This past Sunday, October 16th, I was honored to be invited to the 2nd Annual Little Heart Hero Day in Lewiston, held by the American Heart Association in Maine. The event was for children and families affected by congenital heart defects.
A quick run-down for readers who may not be familiar with congenital heart defects: CHDs are the most common birth defect – nearly one of every 100 babies is born with a CHD. Each year approximately 40,000 babies are born in the US with a congenital heart defect. Events such as the Little Heart Hero Day bring awareness to the prevalence of CHDs at the same time as establishing a safe-haven for children and families who have been affected by them.
When I partnered with the American Heart Association this past spring, it was the first time I was able to meet other heart disease survivors who had experienced the same things I had, who shared common memories of cardiac procedures and operating rooms. I only wish my family and I could have met some of these folks when I was younger, when we most needed reassurance that we were not alone.
Observing the families in attendance at the Little Heart Hero Day, I was struck by how all the kids who wore capes to show off their Heart Hero status were acting like… well, kids. They were running around, sword-fighting with balloon animals, getting their faces painted, decorating pumpkins, having their pictures taken with the Subway mascot. An onlooker wouldn’t have guessed these kids are well acquainted with operating rooms and cardiac surgeons and echo-cardiograms. It was all so vibrant, so loud, so normal.

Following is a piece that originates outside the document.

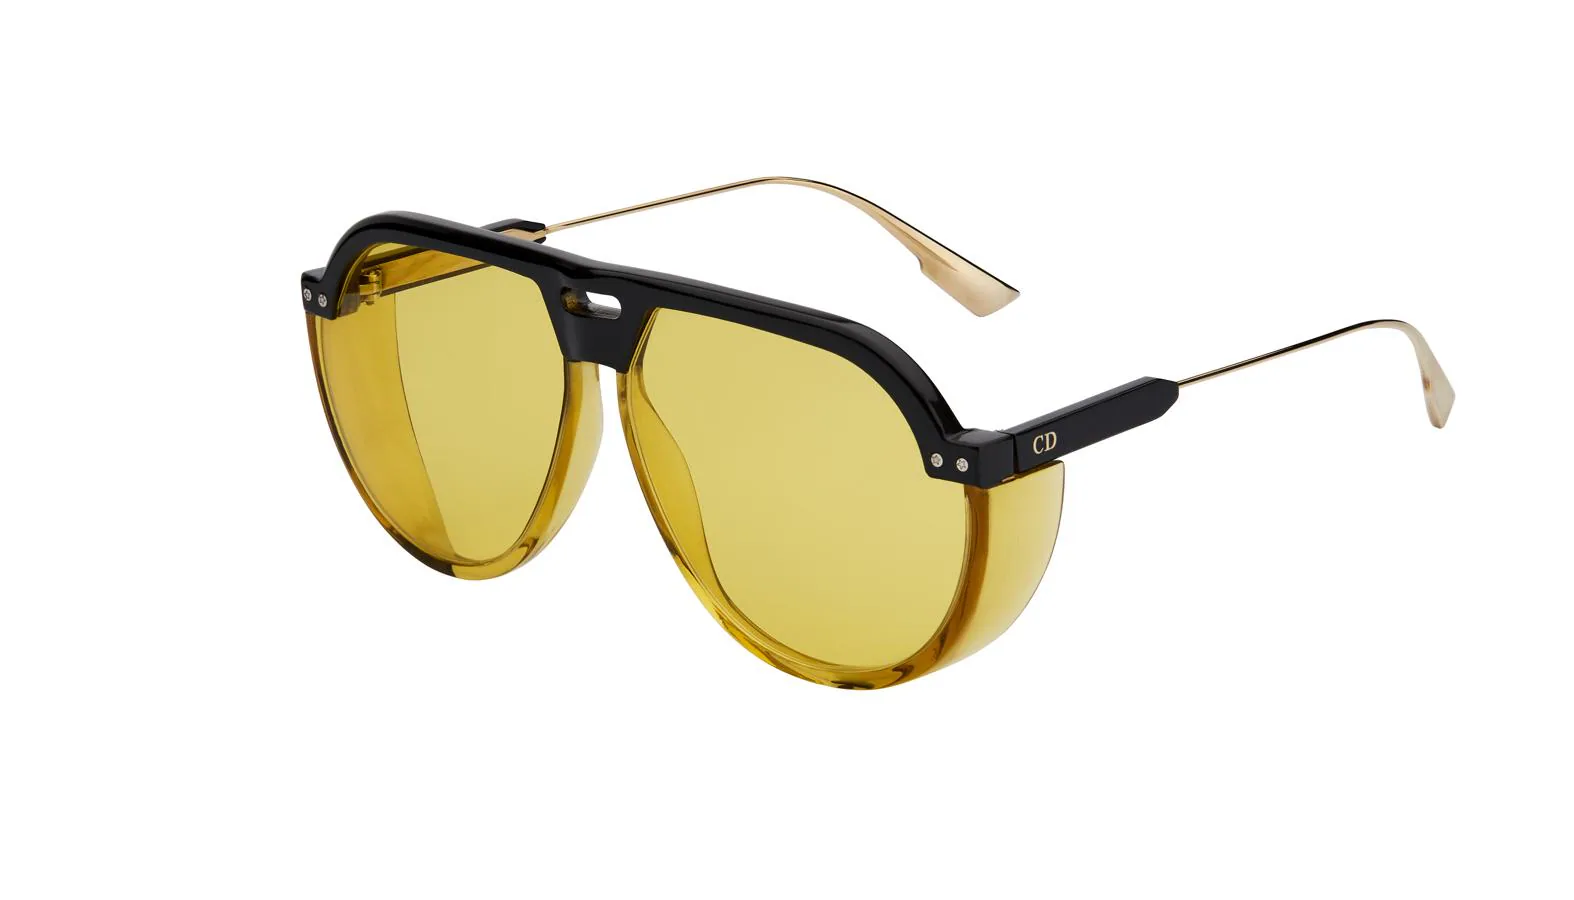 Gafas de sol de Dior. Modelo "DiorClub3" en color amarillo. (Precio: 360 euros)

As a survivor of CHD myself, I shouldn’t have been that surprised. After all, with the exception of milking my heart condition on occasion to get out of gym class (sorry, Ashland School District), I have always insisted on being treated as normal. So why shouldn’t these kids want the same thing? The more I watched them run and laugh and play, the more I saw how beautiful, strong, and feisty these little guys and gals truly are.

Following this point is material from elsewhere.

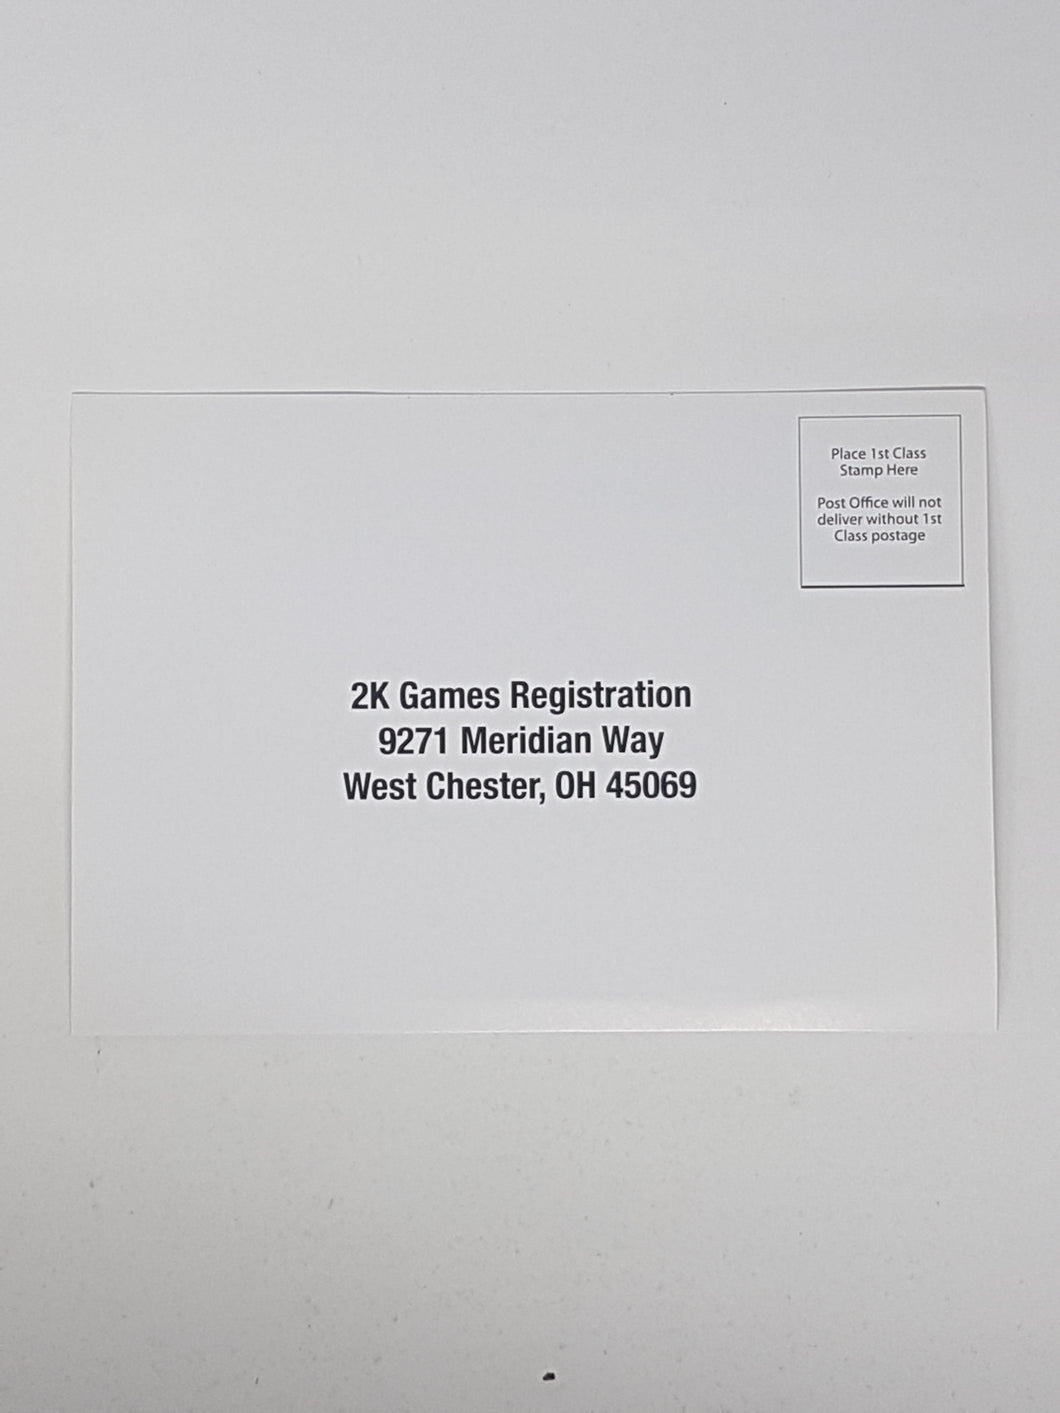 2K Games Registration Card [Insert] - Sony Playstation 2 | PS2

It is exactly this feistiness that will help these kids grow up to be CHD survivors like Sarah Cummings, who shared her story on WMTW-TV in support of the Central Maine Heart Walk this past fall. Born with Tetralogy of Fallot, Sarah had two operations, one as a child and one as an adult. Now 31 years old, Sarah has two happy, healthy children and is living the good life. As the two oldest Heart Heroes in the crowd – though still all too happy to don our red capes – Sarah and I had a lot to chat about.
Making that connection with Sarah is exactly the type of bonding that the AHA sought to make happen with this event. Families and survivors affected by CHD need to know that they are not alone, that there are other people who can relate to what they are going through. It is one thing to hear that you are not alone; it is quite another to be able to meet and talk to a person with whom you can compare scars. Because when you see the scars, you know that they survived. And you know that you can, too.